I’m not sure if this setting is more important for low bpw models, or if 2x gain is considered consistent for 4.65bpw.
Draft model
It did not seem to matter if the 1B tinyllama speculative model was undertrained, or finetuned. It also did not seem to matter if tinyllama was 4, 5, 6, or even 3 BPW. They each worked to allow for 30t/s speeds.
Thoughts
20 tps only goes down to 17 tps? - When doing this, I don’t really notice a drop in t/s when inputting huge articles with 16k context in the chat.py example, maybe flash decoding is already supported?
Perplexity scores? - People will have benchmarked 70B 2.X models, with some being calibrated to wikitext. I think this is one of these models, which I ran perplexity tests in text-gen-webui: https://huggingface.co/turboderp/Llama2-70B-exl2
Usually, only base models and comparisons between equivalent parameter models are useful. But there are a lot of unknowns for performing proper comparisons. For instance:
For 2.5bpw,
- If I set it to stride 512 and length 512, I get a perplexity of 8.
- If the stride is 512 and length 2048, I get 5ppl. At what context length should 2.5 and 4.65 be compared…?
For 2.4bpw,
- I get 5.6ppl when the stride is 512 at length 2048.
Should we conclude somewhat that the 2.5bpw model is e.g:
5/3.4 = 47% different from the original model when already optimized for its specific specialization, while
2.4bpw is 5.6/3.4 = 65% different?
(I don’t know the perplexity score of 4.65bpw base model, so this couldn’t be the answer)
Worth using?
If you have a single 24gb gpu, it’s worthwhile to try at least once.
I’m not familiar enough with the 13b models to convince you that this is superior, I’m not planning to convince you at all. The above is just to help if you are choosing this lower bpw option.
If you want to try squeezing 70B in, here’s a few guidelines:
Windows: Uninstall previous drivers cleanly (try NVcleanstall) to avoid the any unwanted residue effects of the RAM swapping mechanism, (do not just downgrade) and install version <531, OR try the latest driver and do not allow other programs to suddenly consume resources, or an essential part of your model may be trapped in RAM.
Flash-attention-2 and fp8 kv cache should work now in windows with text-gen-webui.

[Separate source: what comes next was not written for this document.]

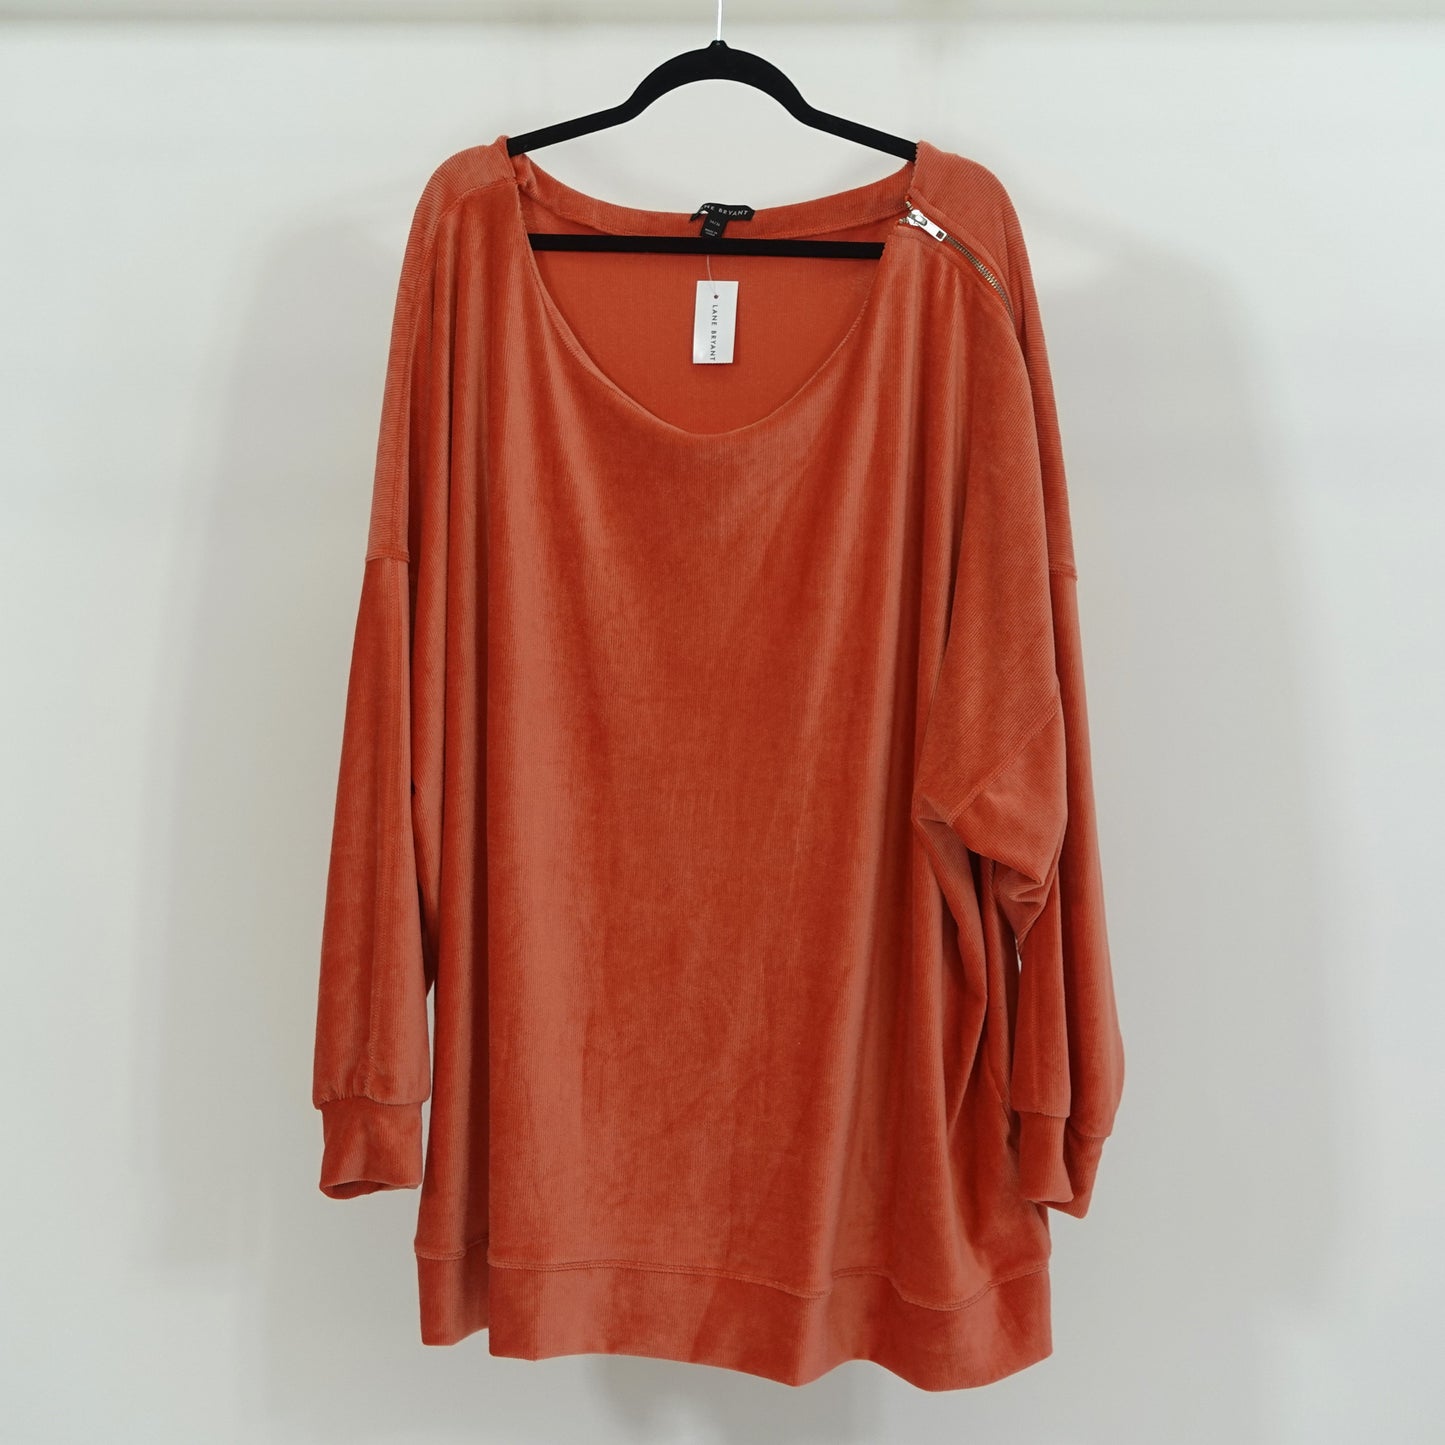 Lightweight Long Sleeve Coral Top NWT

I haven’t tested it. These results should be replicable on windows, but I am not 100% on if Windows has a lower vram cap. On Linux, nvtop shows 23.85/24.00 GB, which seems like my maximum.
Try to get an idea of your maximum context by closing all programs, disabling browser hardware acceleration, loading a 2.4bpw in text-gen-webui with increasing context until OOM.

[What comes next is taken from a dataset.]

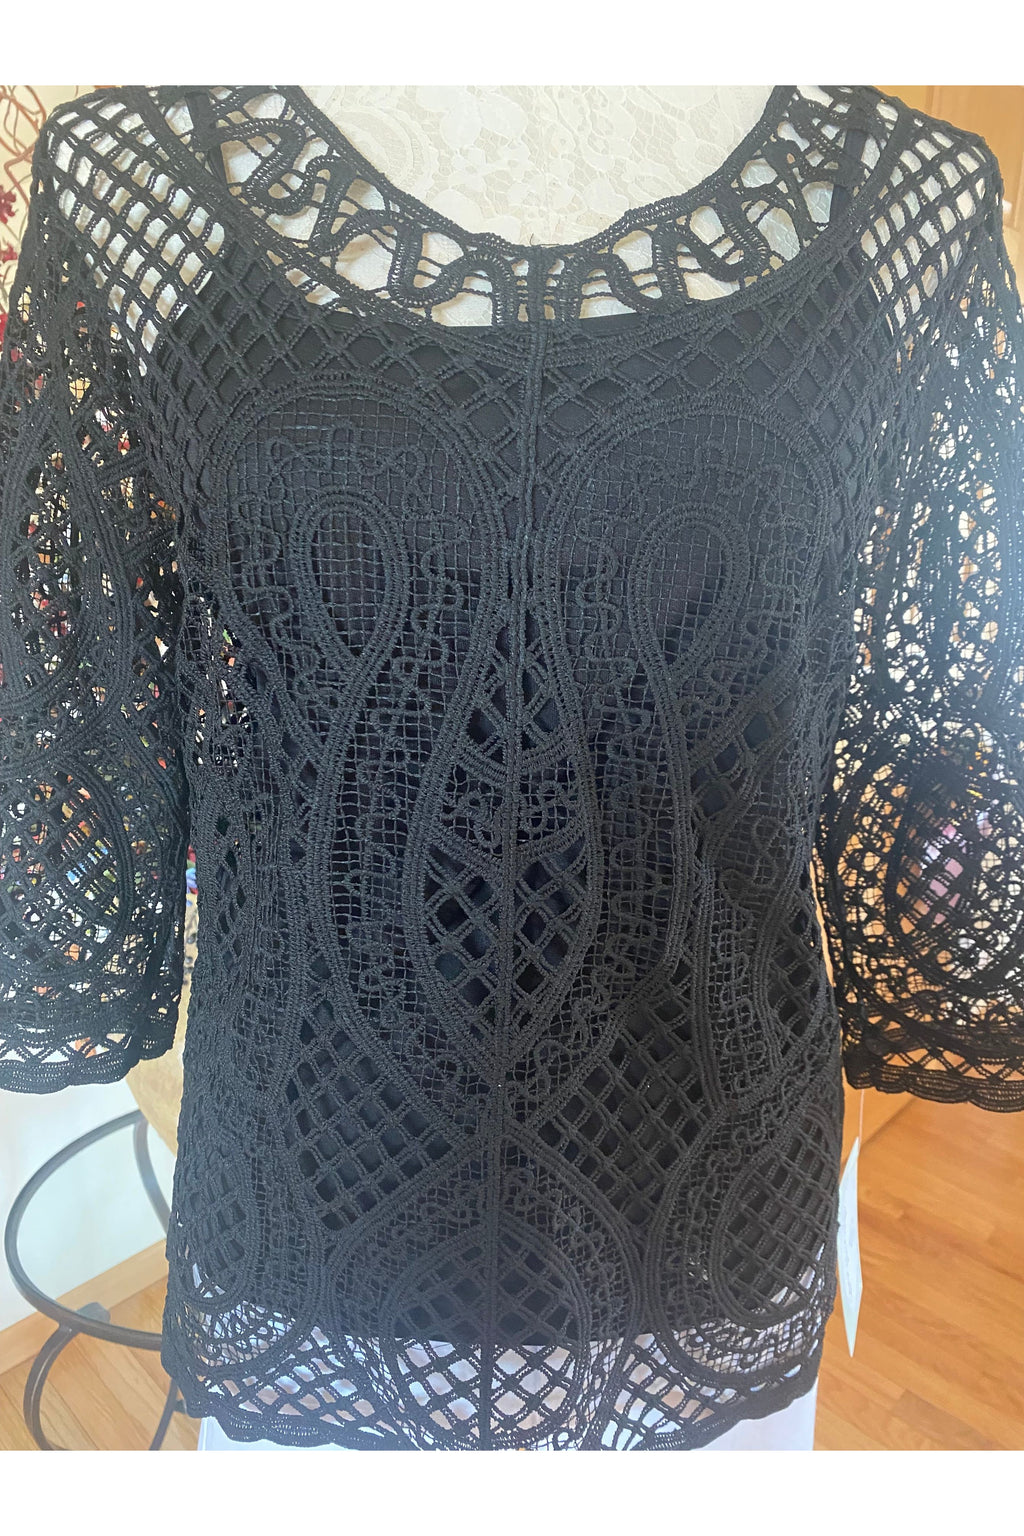 Keren Hart - Pullover See Through Top With Attached Cami - Black

Double that for your expected maximum context with the fp8 cache.
For each 1k, it should be ~0.28GB, across all bpw models.
If I had a cpu with integrated graphics, I think I would get an extra 4k from my gpu. Don’t be surprised if you can get higher than the above results.
Thats all, hopefully you found this useful, thanks for reading! ヘ(◕。◕ヘ)
Thanks for the writeup. What’s your subjective experience with 2.4bpw or 2.5bpw models? Are they severely degraded, or still quite smart?
2.3 and 2.4 models work fine and are smart, I used Exllamav2_HF loader (not for speculative tests above) because I haven’t worked out the right sampling parameters.
I don’t really have anything to compare to. I rarely use 70b q4_k_m for summary (ram+vram), and use mistral on other devices, but only for writing stories. , but here are things I did:
You can create various stories, and ask the model to repeatedly modify them. (Make it so bad guy wins ; cont. story ; say this as much as possible)
Use it as an instruct model: ask it to create various poems and chain a memorable story from a task list.